= Joseph Fahey =

American Catholic theologian

Joseph Fahey (also Joseph J. Fahey) is an American Catholic theologian who specializes in Labor Studies and Peace Studies.

== Education and profession ==
He received his B.A. in Philosophy (1962) and his M.A. in Theology (1966) from Maryknoll Seminary (Maryknoll is the Catholic Foreign Mission Society of America). He received his Ph.D. in Religion (Christian Social Ethics) from New York University in 1974. He served as a professor of Theology and later Religious Studies at Manhattan College from 1966-2016. He was a co-founder of the College's B.A. in Peace Studies and the founder of the College's B.A. in Labor Studies. He has taught courses on Contemporary Moral Issues, Religious Dimensions of Peace, and the Labor Studies Colloquium.
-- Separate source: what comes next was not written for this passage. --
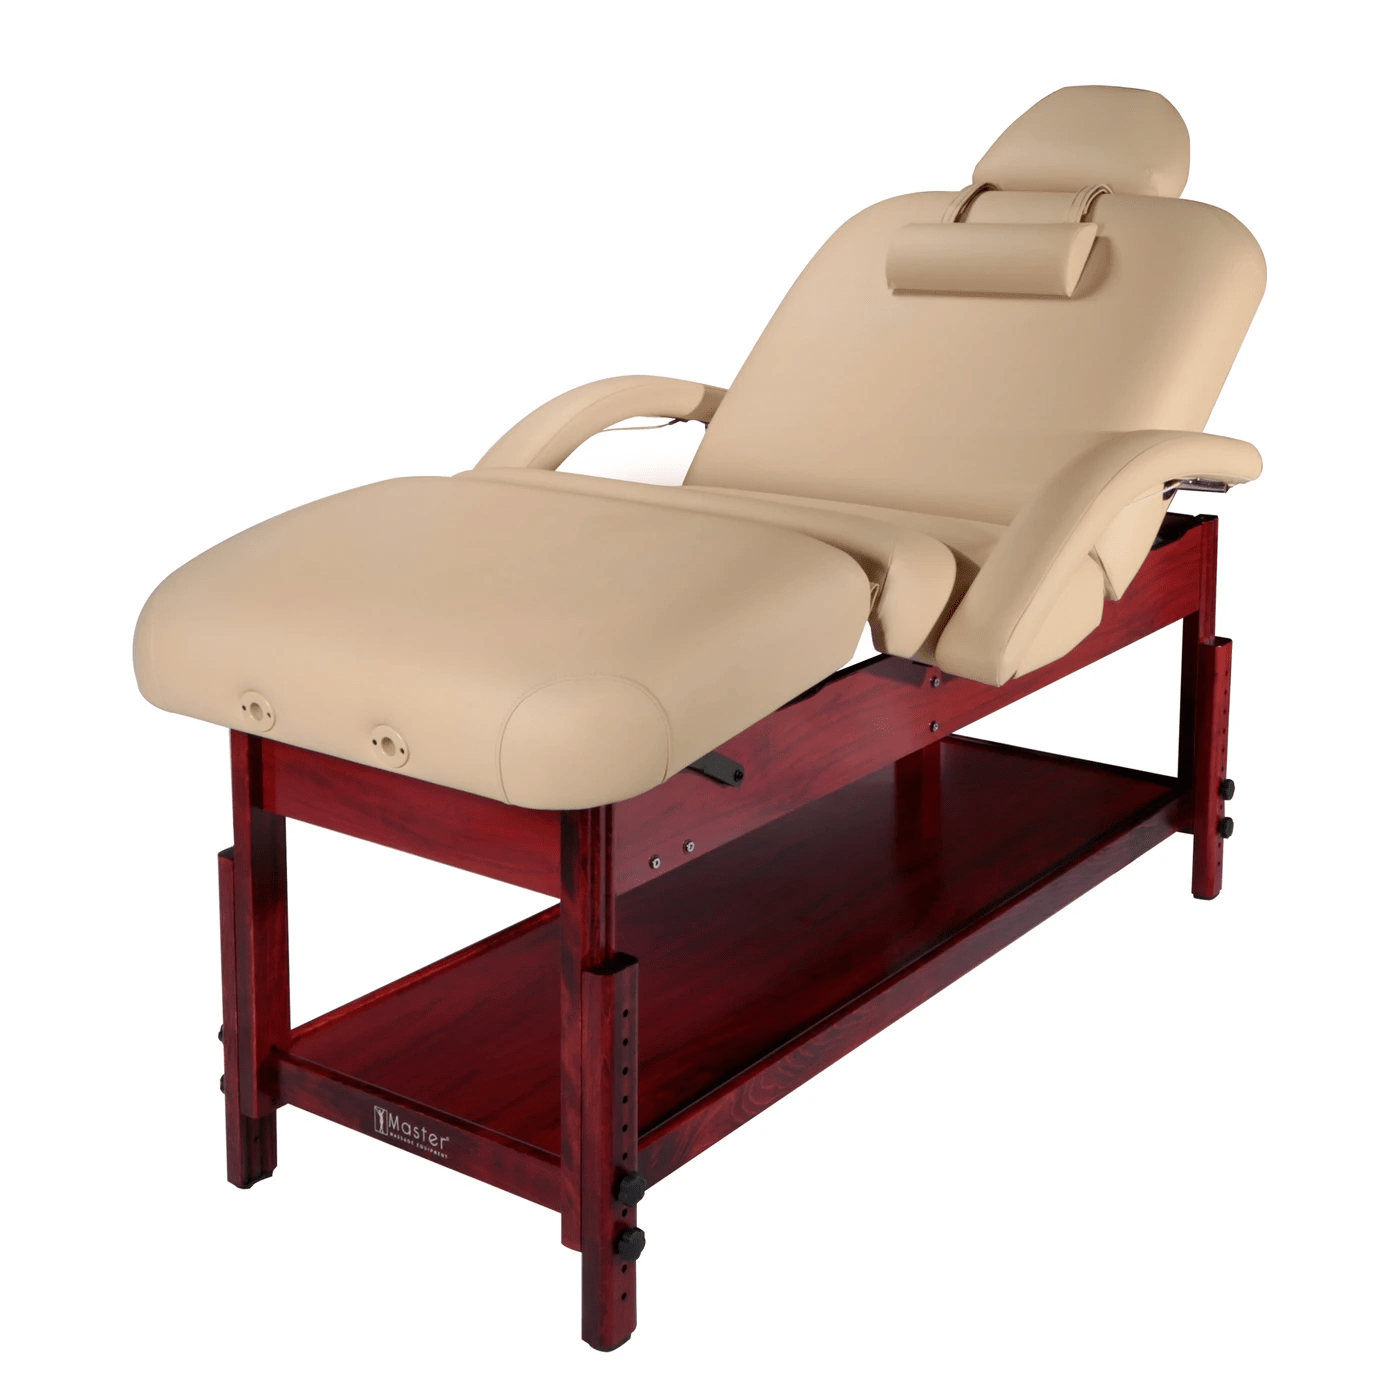 Master Massage Claudia 30" Spa Salon Beauty Bed with Pneumatic Tilt Stationary Massage Table 10126

He is the co-founder of Catholic Scholars for Worker Justice (www.cswj.us).

== Achievements ==
Fahey is the co-editor of A Peace Reader (Paulist, 1990), the author of War and the Christian Conscience (Orbis Books, 2005), and edited with an Introduction to Walter Rauschenbusch: Essential Spiritual Writings (Orbis Books, 2019). He was a co-founder of Pax Christi USA and served on the National Council of The Fellowship of Reconciliation, The Consortium on Peace Research, Education and Development (COPRED), the Peace Studies Association, and Interfaith Worker Justice.